Hukuk yargılamasında kesin deliller sınırlı olarak sayılmış olup bunlar; yemin, senet ve kesin hükümdür. Ceza yargılamasındaysa, hukuk yargılamasından farklı olarak delil serbestisi ilkesi benimsenmiştir. Bu ilkeye göre ceza muhakemesinde, maddi gerçeğe ulaşmak için -hukuka uygun yollardan elde edilmiş olması şartıyla- her türlü delil ispat vasıtası olarak kullanılabilecektir.

Hem hukuk hem de ceza yargılamalarında sıklıkla kullanılan ve oldukça önemsenen delil türlerinden birisi de bilirkişi raporudur.
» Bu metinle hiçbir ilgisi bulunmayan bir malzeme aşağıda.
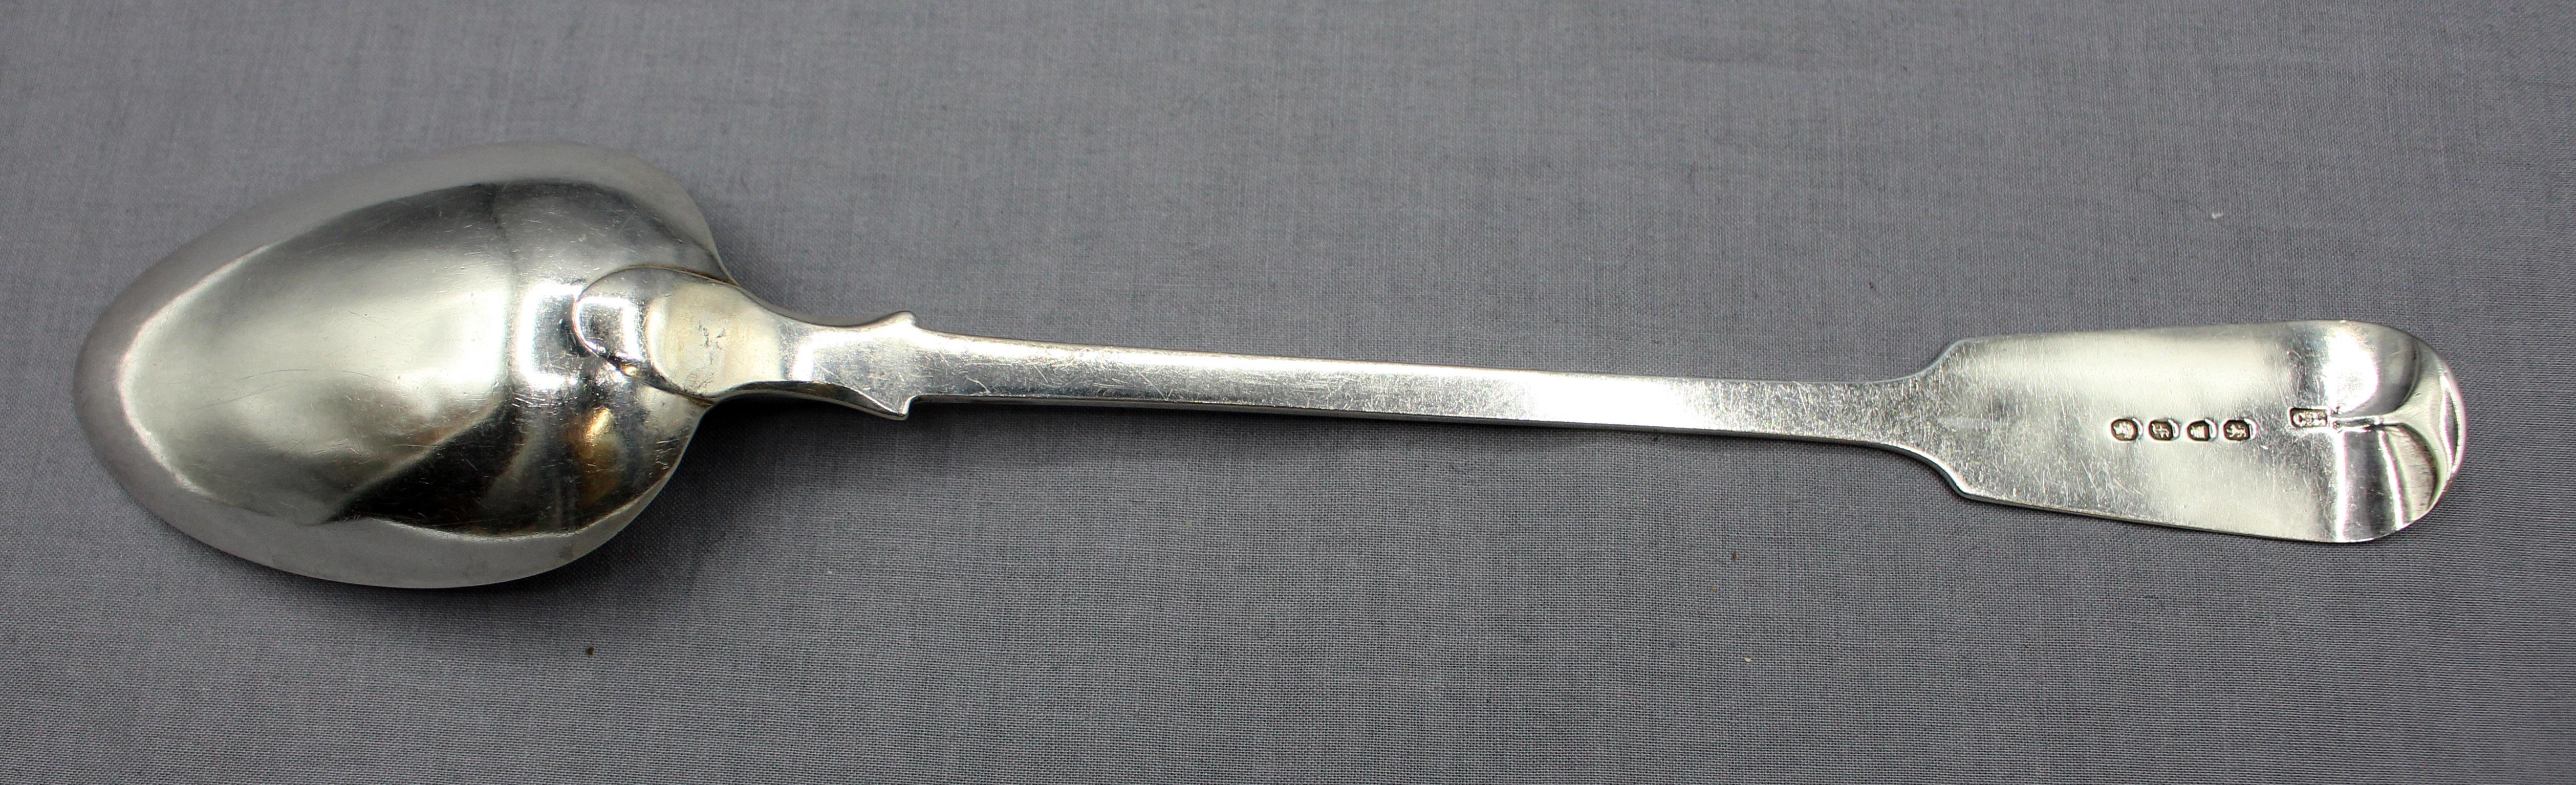 London, 1841, fiddleback sterling silver basting spoon. Apprentice marks of Charles Lias. Shop at 65 Crown St., Finsbury Square. With chamfered edges & shoulder, it is a fine example of the George III period. Monogram 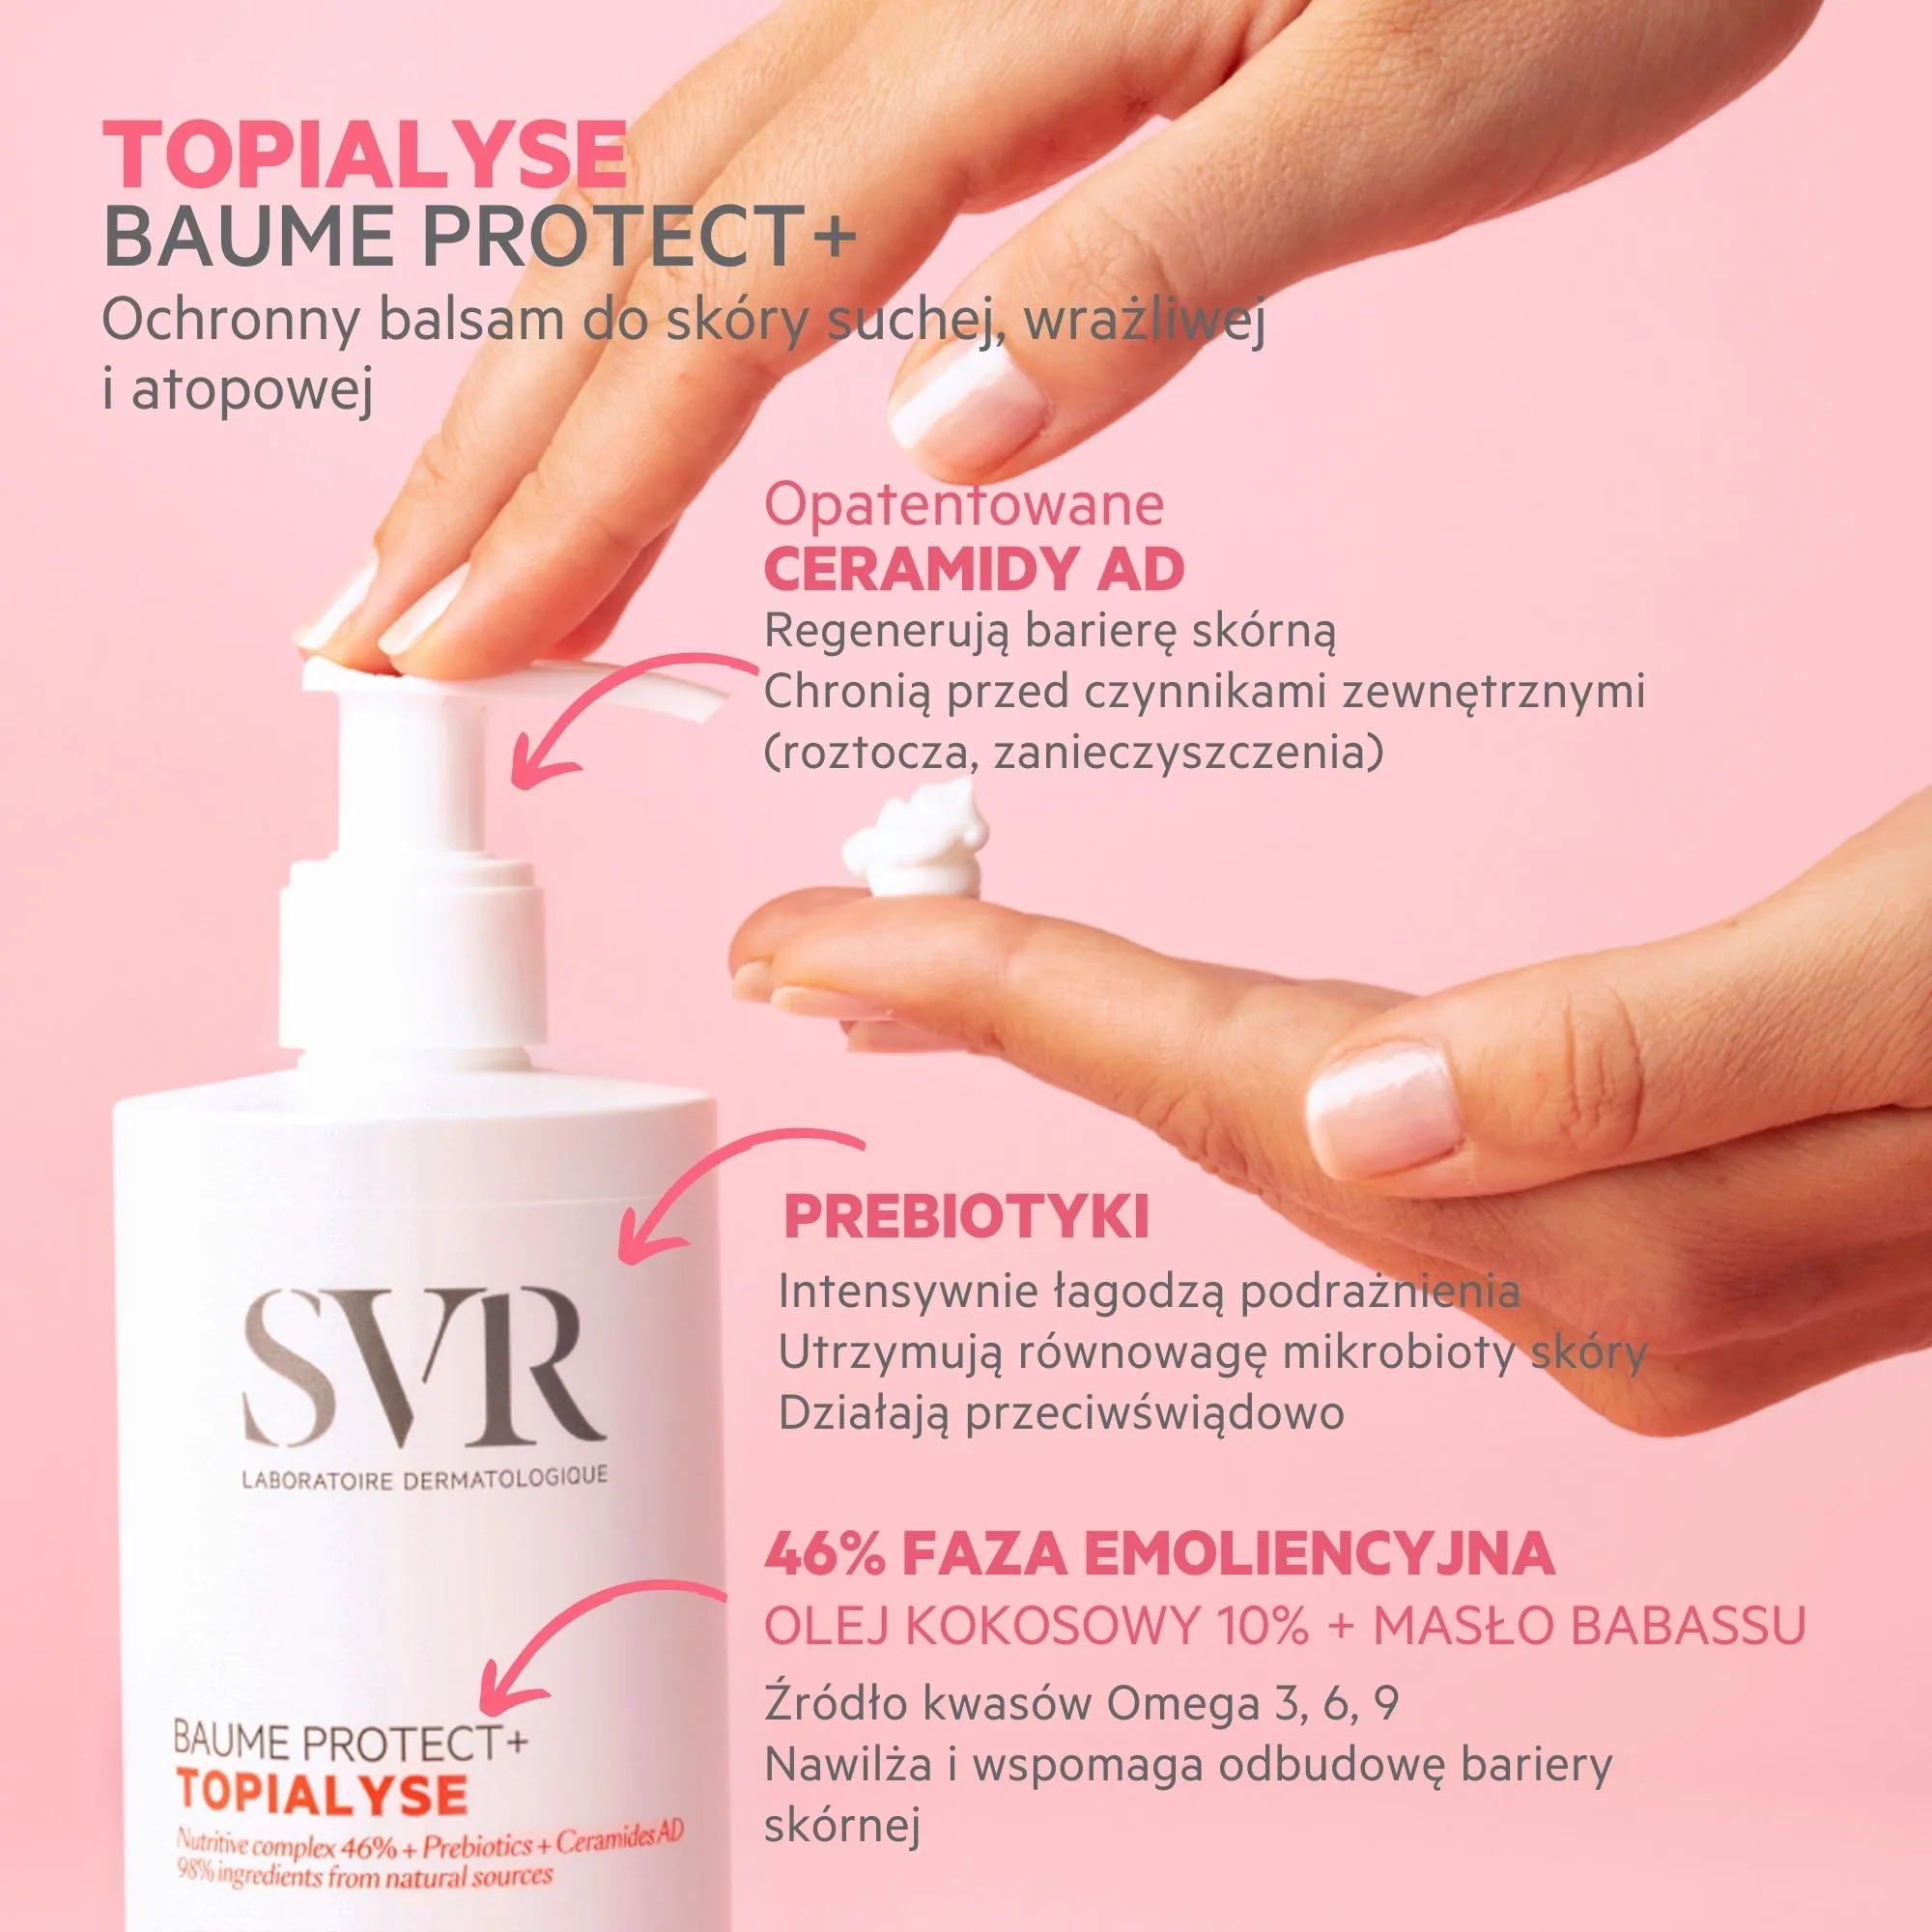 SVR Topialyse Baume Protect+, balsam, 400 ml

Hakim tarafından bilirkişi raporuna başvurulabilmesi, yargılamanın devamı için özel ve teknik bilgiyi gerektiren bir halin olmasına bağlıdır. Başka bir söylemle hukuki bilgi ve tecrübeyle çözümlenebilecek sorunlar hakkında, hakimin bilirkişi deliline başvurabilmesi mümkün değildir.

Hakim ya da savcı tarafından -gerekli şartlar sağlandığı takdirde- talep edilmese bile başvurulabilen bilirkişi delilinde dikkat edilmesi gereken en önemli noktalardan biri, bilirkişi raporunun takdiri delil olup hakimi ya da savcıyı bağlamadığıdır. Başka bir deyişle bilirkişi veya bilirkişi heyeti tarafından hazırlanan rapor, hakim ya da savcılar tarafından serbestçe takdir edilecek, gerekli hallerde rapordaki eksiklikler bilirkişiye veya heyete tamamlattırılacak, -hazırlanan raporun, dosyanın teknik kısımlarını gidermediği halde- başka bir bilirkişi veya bilirkişi heyeti atanacaktır.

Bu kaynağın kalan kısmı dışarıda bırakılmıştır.